Доказано, что существует возможность применения стволовых клеток путем стимуляции эндогенных стволовых клеток, а также трансплантации экзогенных стволовых клеток из различных тканей, размноженных in vitro [14]. Путем проведения множественных экспериментальных трансплантаций было доказано, что успех или неудача в применении клеточных технологий для восстановления функционально полноценной ткани зависит именно от морфологических и функциональных особенностей пересаживаемых стволовых клеток [18].
Таким образом, целью данного аналитического обзора является рассмотрение возможности и способов применения стволовых клеток, полученных из различных тканей, в качестве стимулятора репаративного нейрогенеза.
Трансплантация нервных стволовых клеток в стимуляции репаративного нейрогенеза
Проведены исследования возможности использования для стимуляции нервной регенерации трансплантированных нервных стволовых клеток.
Ученые приводят результаты доклинических исследований, показывающие благоприятное влияние НСК на электрофизиологическое и морфологическое восстановление хронически поврежденного нерва подопытных мышей и крыс [19].

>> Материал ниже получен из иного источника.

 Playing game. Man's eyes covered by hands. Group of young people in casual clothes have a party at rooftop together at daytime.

Стволовые клетки, используемые для стимуляции нервной регенерации, могут быть пересажены в их недифференцированном состоянии или пройти период дифференцировки in vitro [19]. При этом нейрональные стволовые клетки, трансплантированные без предварительной обработки in vitro, проходят дифференцировку в основном в клетки глии, реже – в нейроны [14]. S. Lin et al. культивировали эмбриональные клетки крысиного спинного мозга до момента их дифференцировки в клетки нейрональной и глиальной линии, затем пересаживали их в дистальную часть поврежденного большеберцового нерва крысы на седьмые сутки после нанесения травмы и добились анатомического восстановления нерва и тем самым восстановления иннервации икроножной мышцы. Ученые называют срок в 7 дней после получения травмы наиболее оптимальным временем использования НСК для сохранения мышечной иннервации при повреждении периферического нерва [20].

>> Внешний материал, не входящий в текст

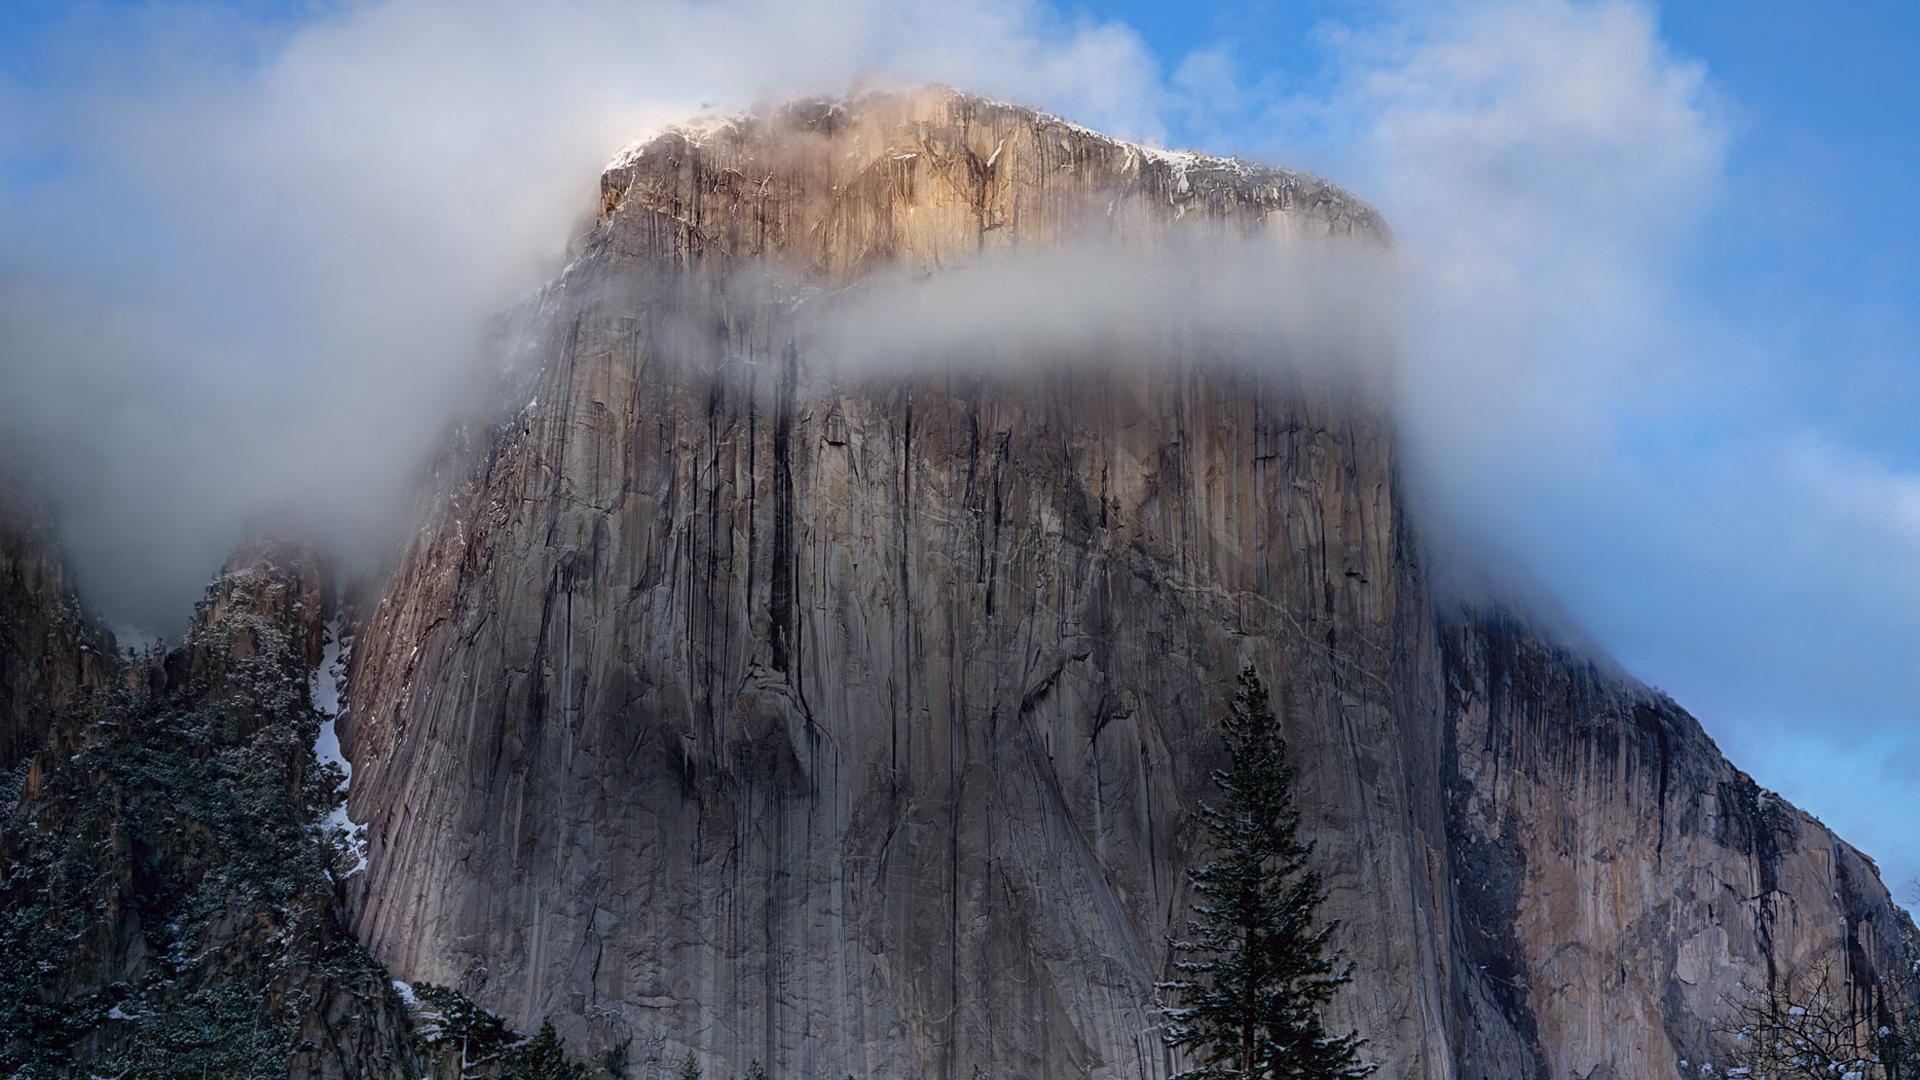 California - Yosemite portfolio contains images from Yosemite National Park  and the surrounding area

В тоже время существуют исследования, экспериментально опровергающие возможность использования HCК для восстановления нервной ткани. В ряде случаев НСК показывают плохую выживаемость и ограниченное положительное воздействие в зоне поражения с незначительным функциональным улучшением [21].

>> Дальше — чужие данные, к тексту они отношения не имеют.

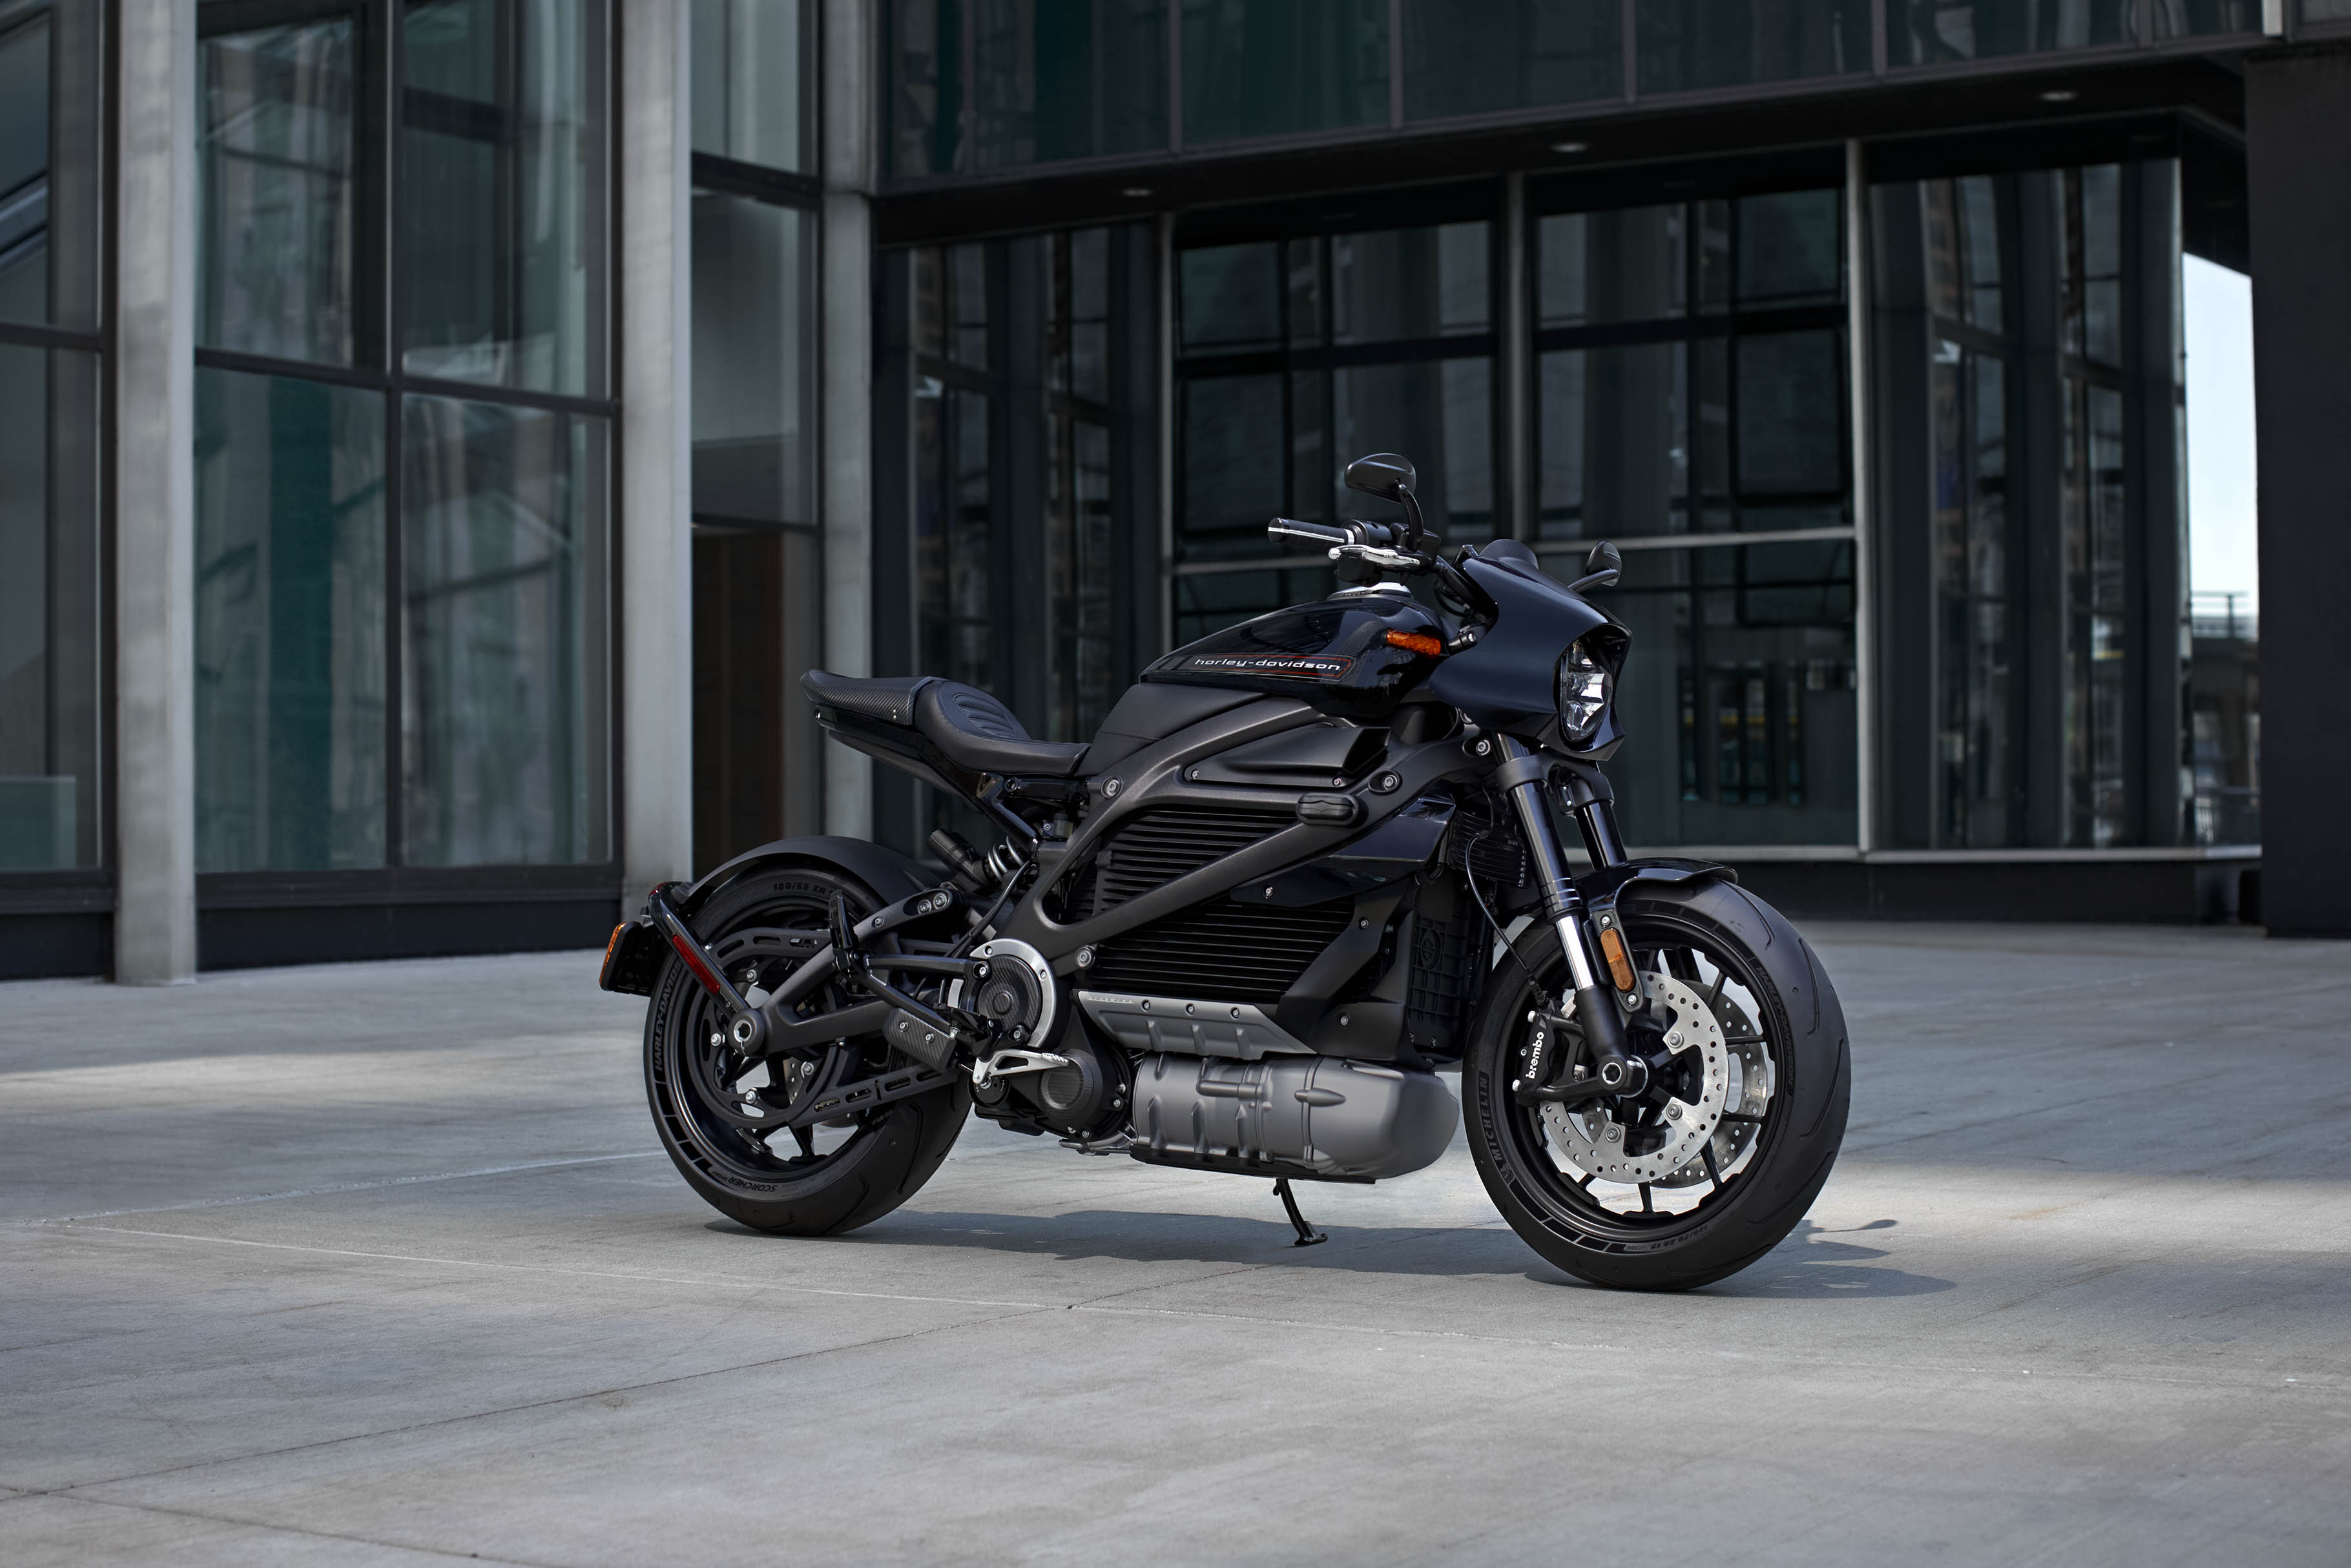 2020 LiveWire Electric Motorcycle Harley Davidson USA

Hongyun Huang et al. в своем обзоре приводят информацию о том, что трансплантированные в головной мозг незрелые астроциты способны изменять микросреду головного мозга крыс, синтезируя нейротрофины, необходимые для выживания окружающих нейронов и уменьшая образование глиальных рубцов, тогда как зрелые астроциты, напротив, стимулируют их образование и препятствуют росту аксонов нейронов [22]. Танациты, трансплантированные в спинной мозг крыс, также способны поддерживать регенерацию поврежденных аксонов [22]. В то же время многие ученые отвергают теорию о значимой роли в нейрогенезе эпендимальных стволовых клеток, в связи с отличиями их пролиферативной активности от таковой способности у нейрональных предшественников [23].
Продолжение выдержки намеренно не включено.